* _TASK ITEM_
When you copy the data that follows, reproduce every word exactly and leave out the images.

* _GIVEN INFORMATION_
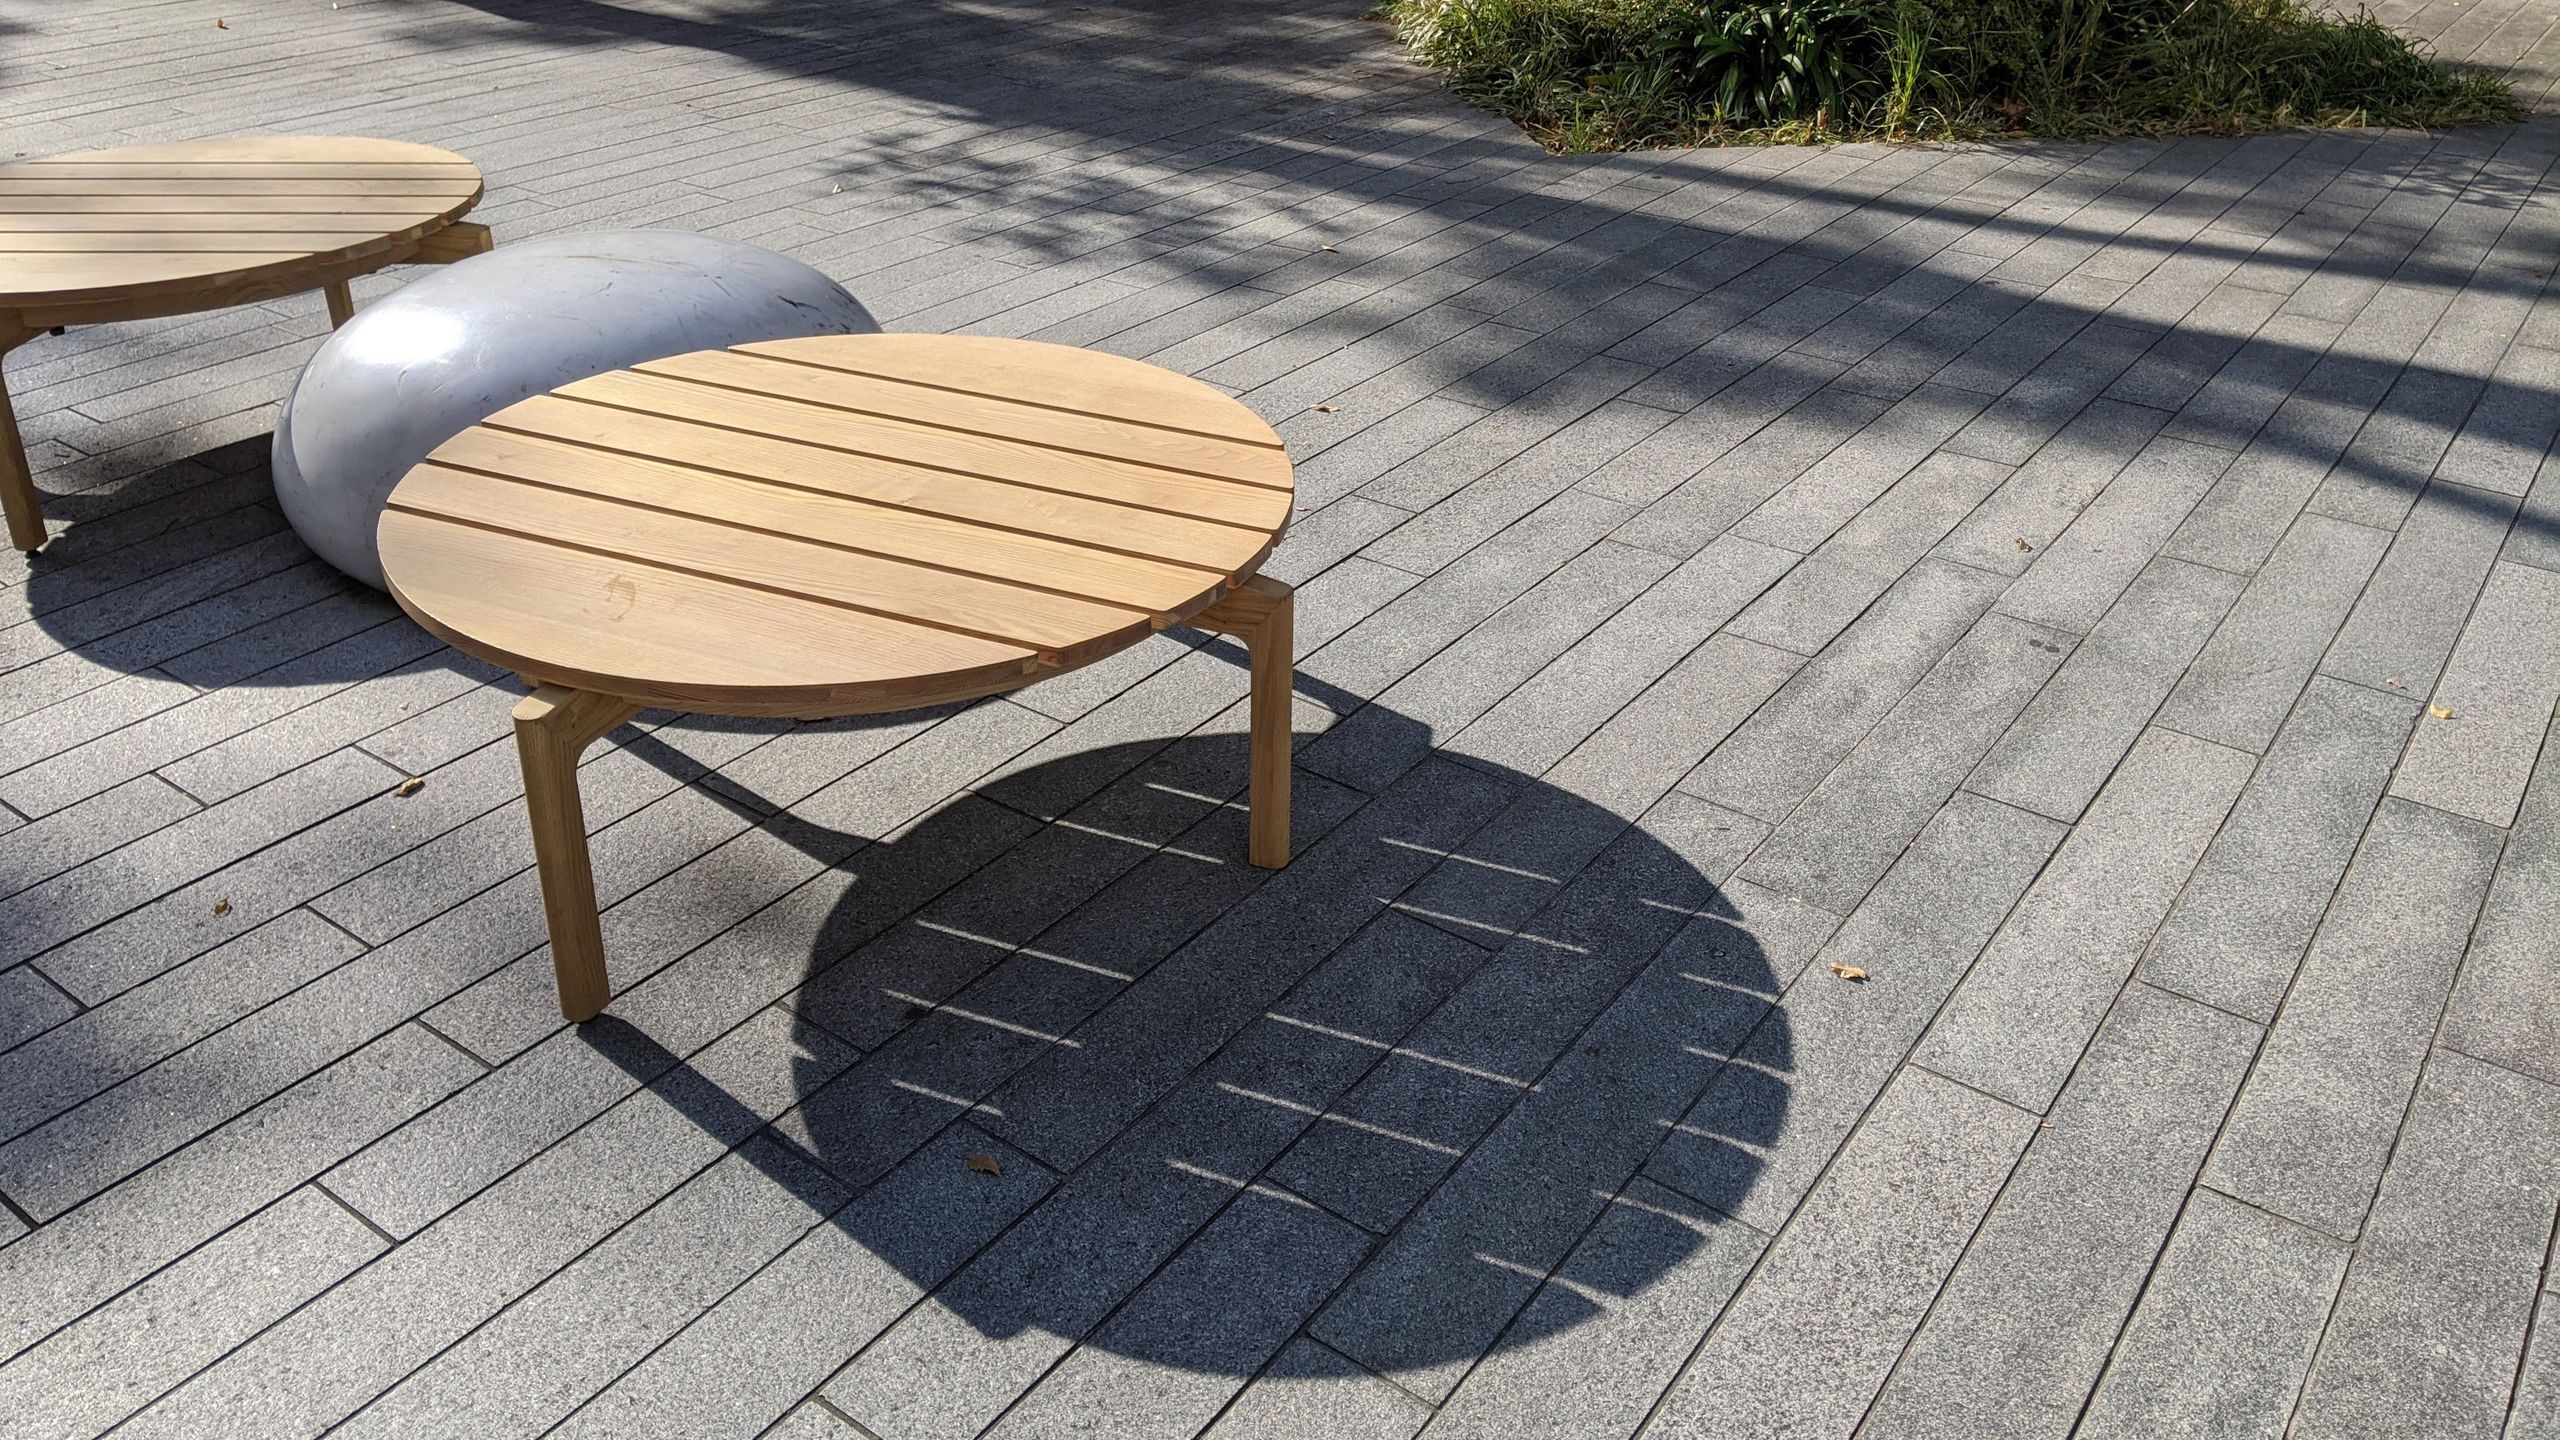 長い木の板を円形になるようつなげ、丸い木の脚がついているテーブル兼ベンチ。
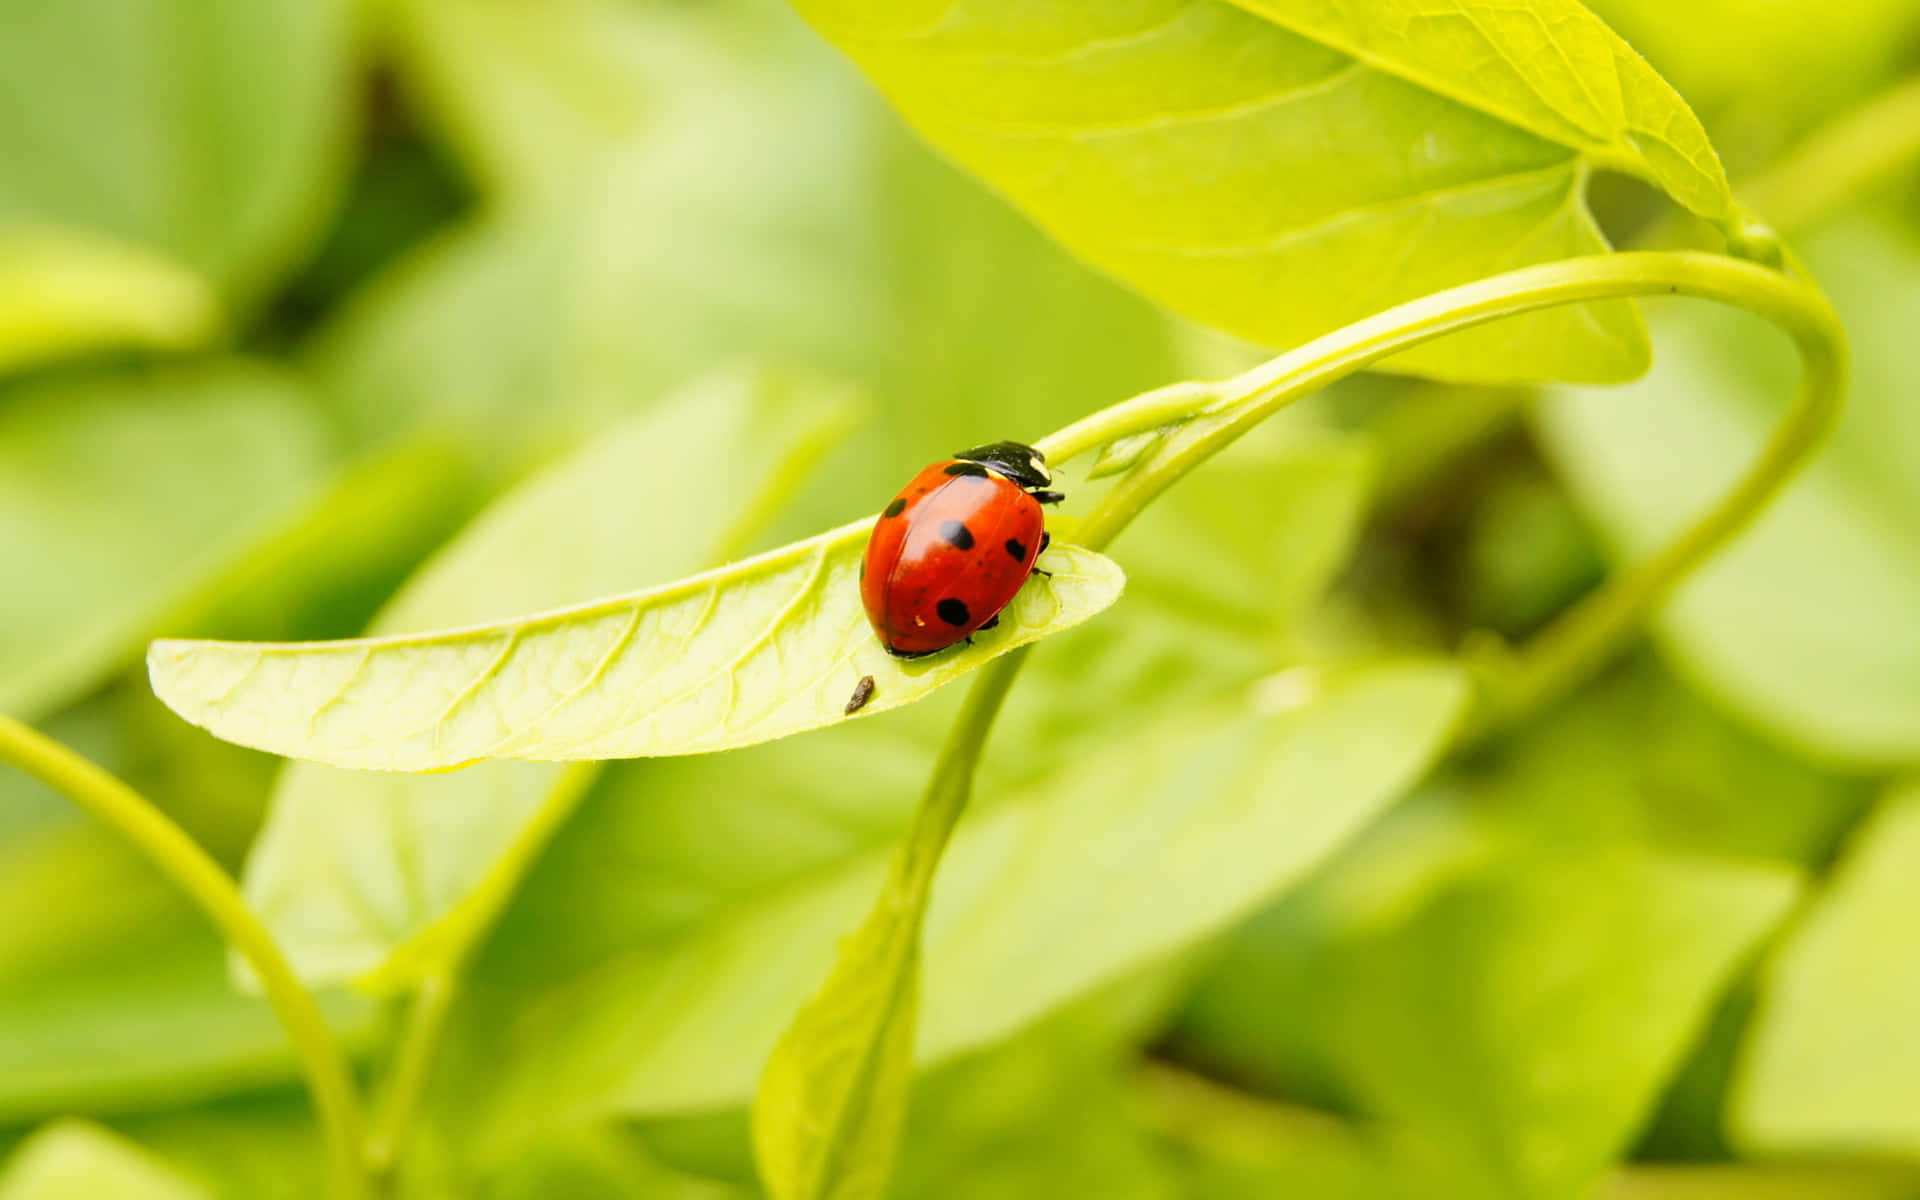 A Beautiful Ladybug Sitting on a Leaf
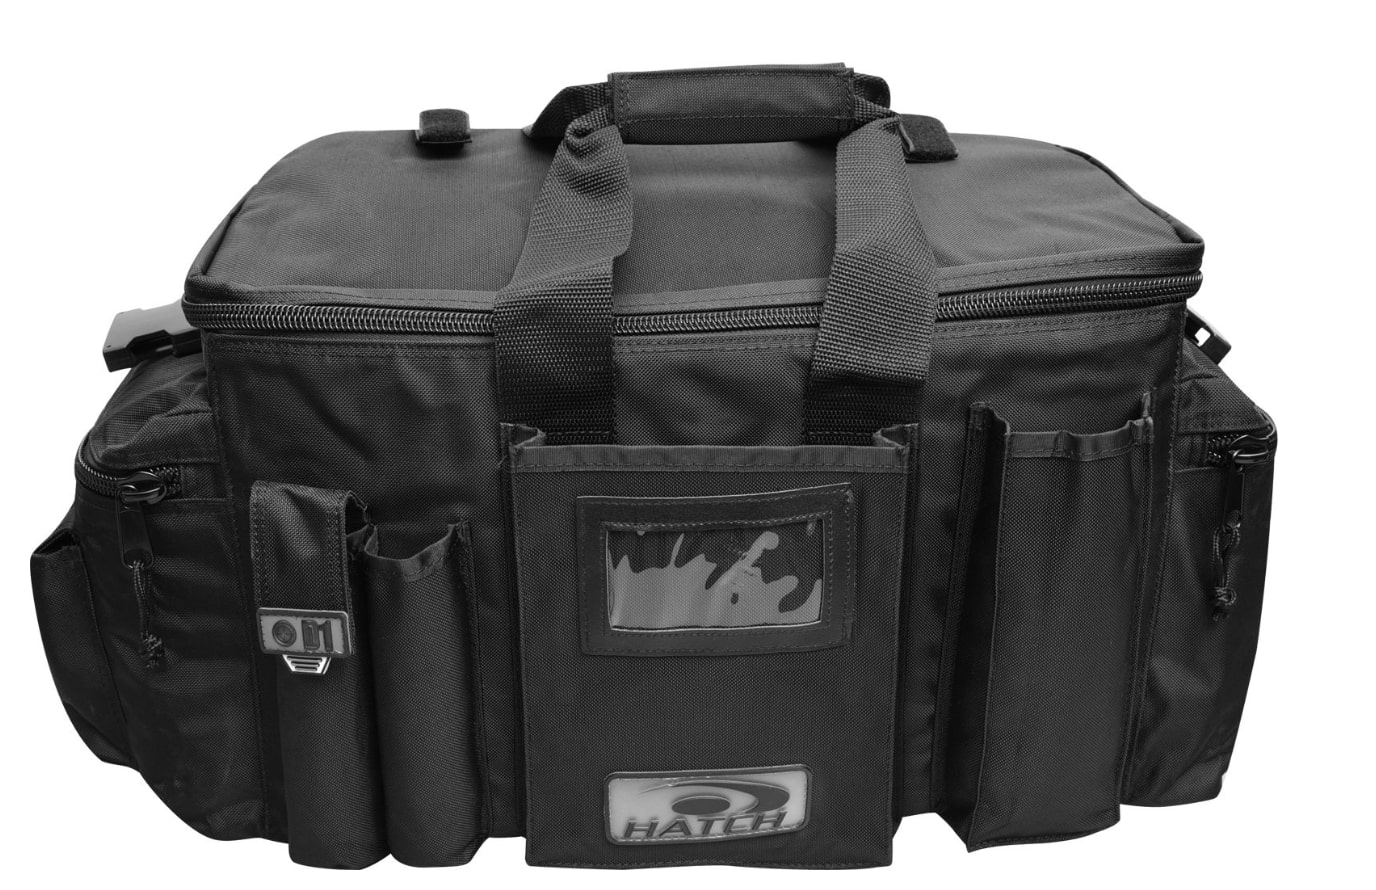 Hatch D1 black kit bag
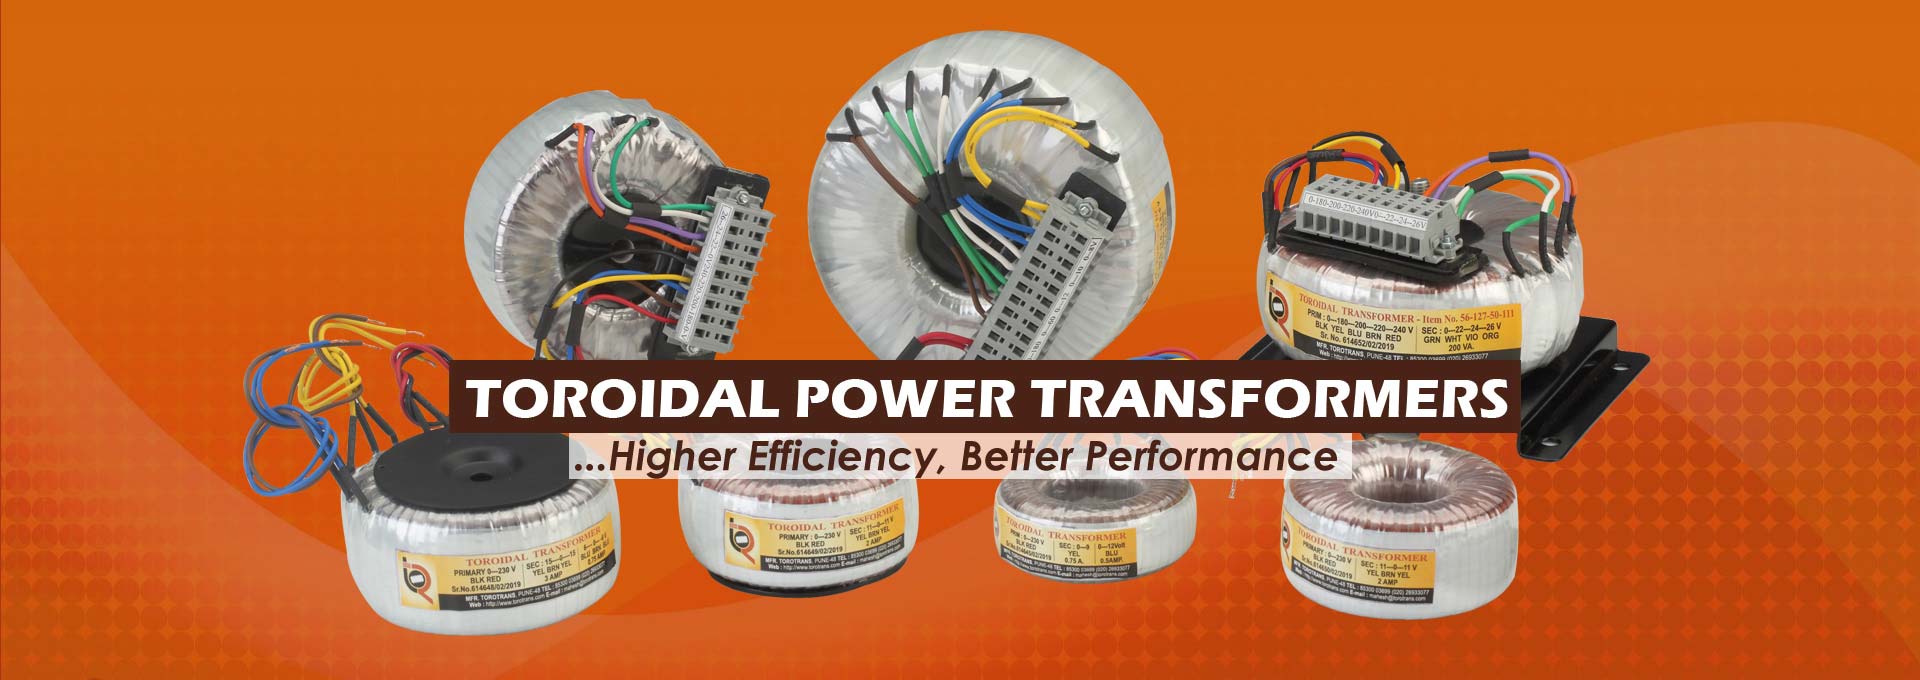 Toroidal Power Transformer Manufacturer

* _EXPECTED ANSWER_
 長い木の板を円形になるようつなげ、丸い木の脚がついているテーブル兼ベンチ。
 A Beautiful Ladybug Sitting on a Leaf
 Hatch D1 black kit bag
 Toroidal Power Transformer Manufacturer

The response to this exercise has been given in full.